The Penn State search engine, http://search.psu.edu/, is pretty nifty. It allows us to type in keywords or phrases and presto we find exactly what we're looking for, really quickly! Maybe. Alas, we are disappointed when the search engine returns results that we would never dream of associating with our desired search. So what gives? Is there a way that Penn State Webmasters and server administrators can control how their pages are ranked by the search engine? Likewise, can search engine users better optimize their searches? Yes, there is. Keep reading!
Before we get into tips for searching and getting searched, let's do a rundown of search engine basics. The Advanced Information Technologies (AIT) group of the Center for Academic Computing maintains the Penn State search engine. It uses Inktomi's Search/Site (formerly UltraSEEK Server) search engine, version 3.1.10 on Sun Microsystems operating system, Solaris 2.5.1. Following the license agreement Penn State holds with Inktomi, we index only .psu.edu sites. The search engine currently indexes over 420,000 documents!
So, what is an indexed site anyway?
By now, you're probably wondering what an indexed site is anyway. The search engine administrator adds servers to the search engine on a per request basis, so an indexed site is a server that the server administrator has included in the search engine index. When a site is added to the list of indexed sites, the search engine spider, a program that scans the Web, looks for a particular file in the root directory of that site. Once the site is added to the index, the site is added overnight. An example of an indexed site is http://cac.psu.edu/. The file name the spider looks for depends on the type of server being indexed. For example, www.psu.edu uses the default index.html. The spider indexes index.html and follows all the links in that file. It is not necessary for all the documents of an indexed site to be added to the search engine index by the search engine administrator. Files that are linked to indexed files will automatically index. If the search engine spider does not find the server-specific default file (index.html/.htm or default.html/.htm in most cases), then it will visit all the sub-directories, looking for the default file in each sub-directory. The indexing process continues in the same manner. The search engine will not follow links from your pages to URLs that are not served by the search engine. For example, the indexed site http://www.aaa.psu.edu/ includes a link to http://www.some.org/. The site, http://www.some.org/, will not be indexed by the search engine.

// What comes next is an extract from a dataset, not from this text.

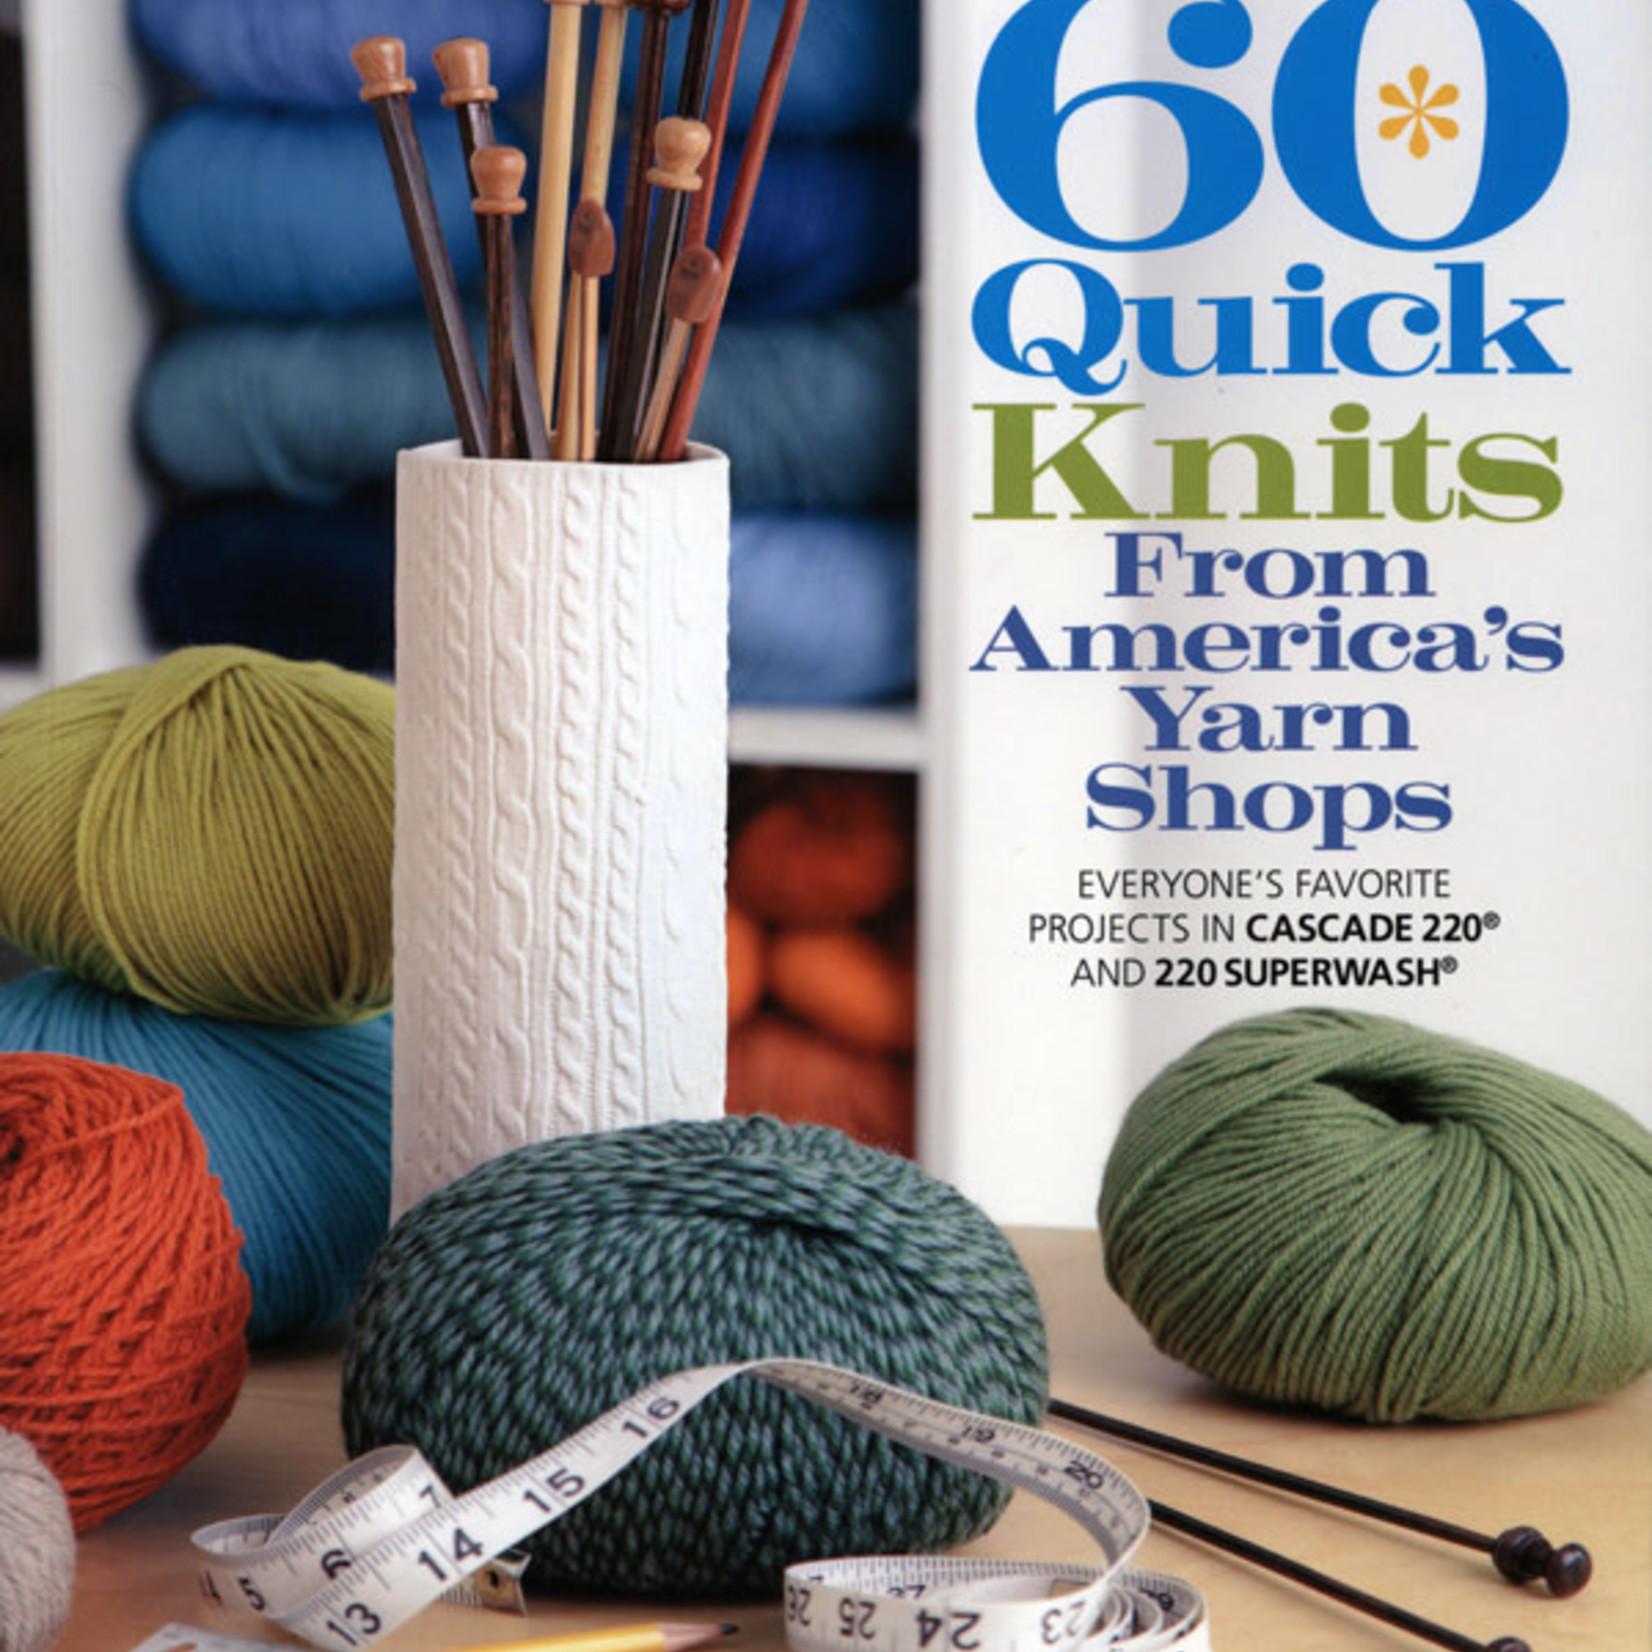 Cascade Yarns 60 Quick Books

If you have departmental Web space and would like your documents to be searched, then make sure that you link to all site files from either the server-specific default file or another file. Consider the case where the main index.html file at your site, which is indexed, links to your "index.html" file. Suppose that you have the files "staff.html," "meetings.html," and "contactinfo.html" in your directory. If "staff.html" and "meetings.html" are the only files that are referenced from your "index.html" file, then "contactinfo.html" will not be indexed as it is not referenced by any file that the search engine spider can find. Either reference "contactinfo.html" from your "index.html" file or from your "staff.html" or "meetings.html" files.
All of this sounds great, but there is a tidbit of bad news. As of June 1999, faculty, staff, and student personal Web pages on the personal server http://www.personal.psu.edu/ are no longer indexed with our search engine. Please do not send a request to webmaster@psu.edu to request that we index your personal page. The good news is that we do not prohibit other robots from searching our site. Penn State pages and sites can be registered with other search engines, such as Yahoo, Google, and Lycos to name a few.

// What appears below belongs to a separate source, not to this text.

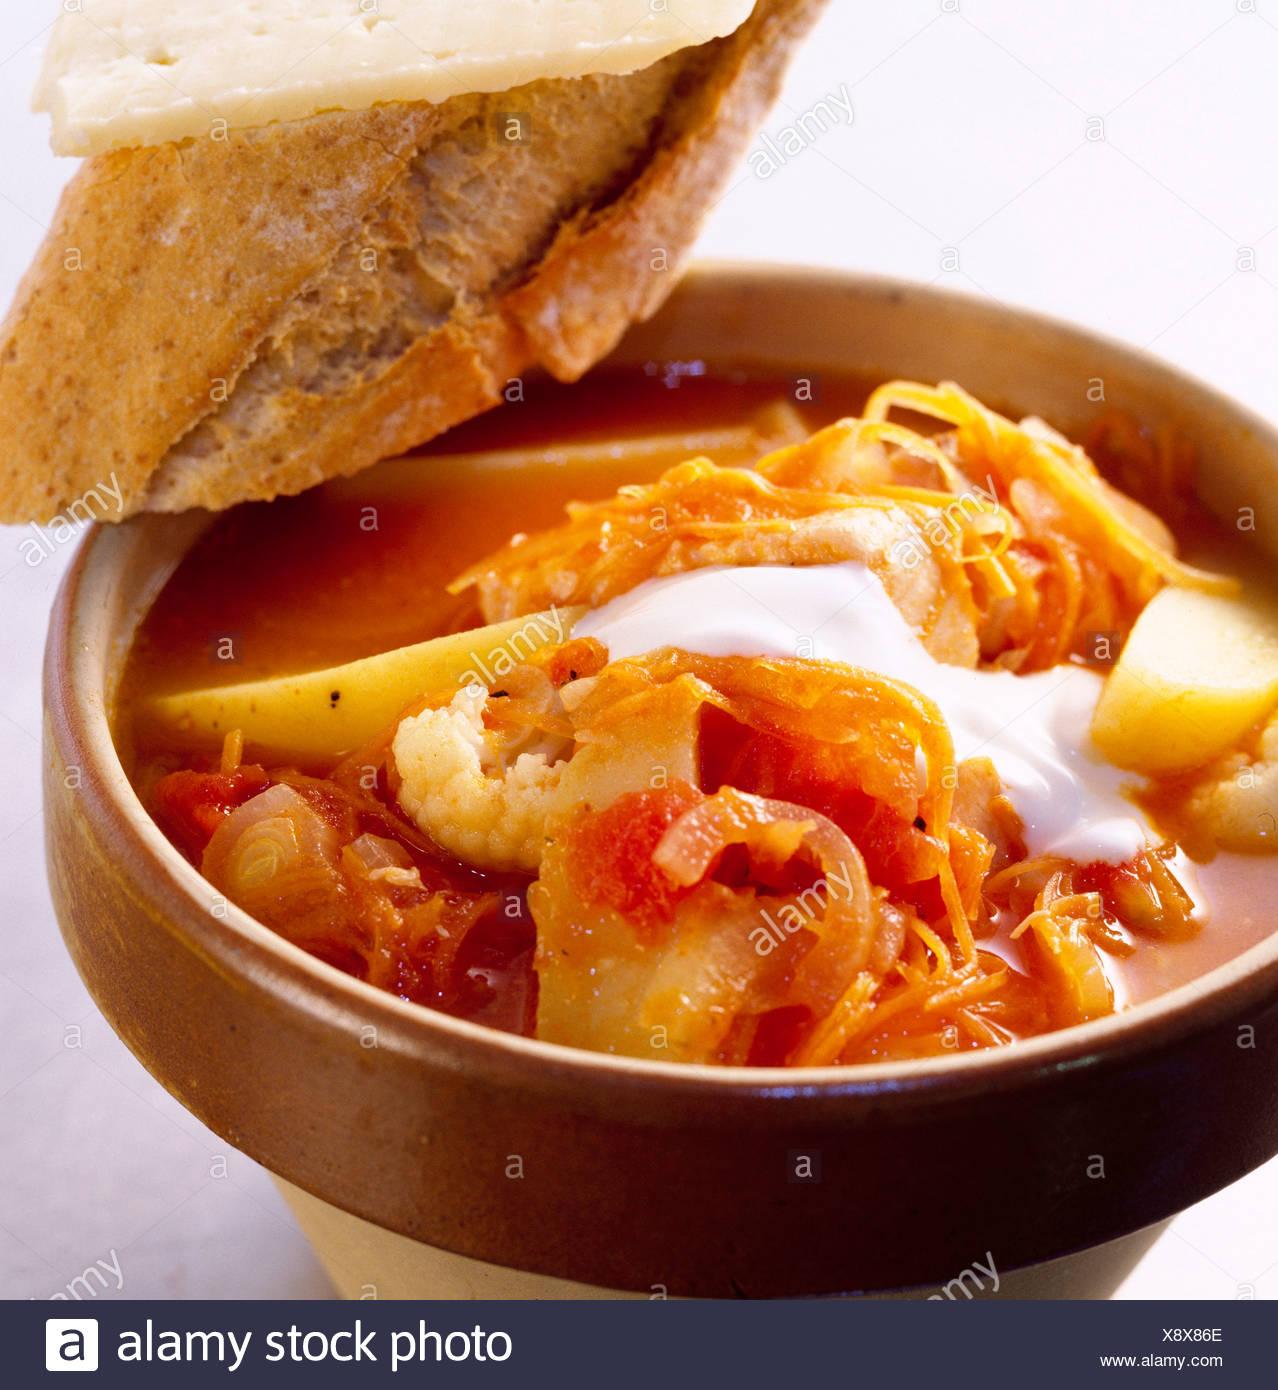 Midweek meals Fish casserole salmon, onion, carrots, tomatoes and potatoes yoghurt garnish in earthenware casserole dish chunk - Stock Image

Becoming a member of the indexed crowd
Now that you know what an indexed site is, you're probably wondering how you can enter this rite of Web passage and index your site. It isn't quite that dramatic nor is it time-consuming. If a site is not indexed, it is very likely that the Webmaster/server administrator for the site has not requested that the site be added to the Penn State search engine index. It would be impossible for us to contact every single Webmaster/server administrator within the Penn State network so we rely on Penn State Webmasters to send their requests to webmaster@psu.edu to index sites.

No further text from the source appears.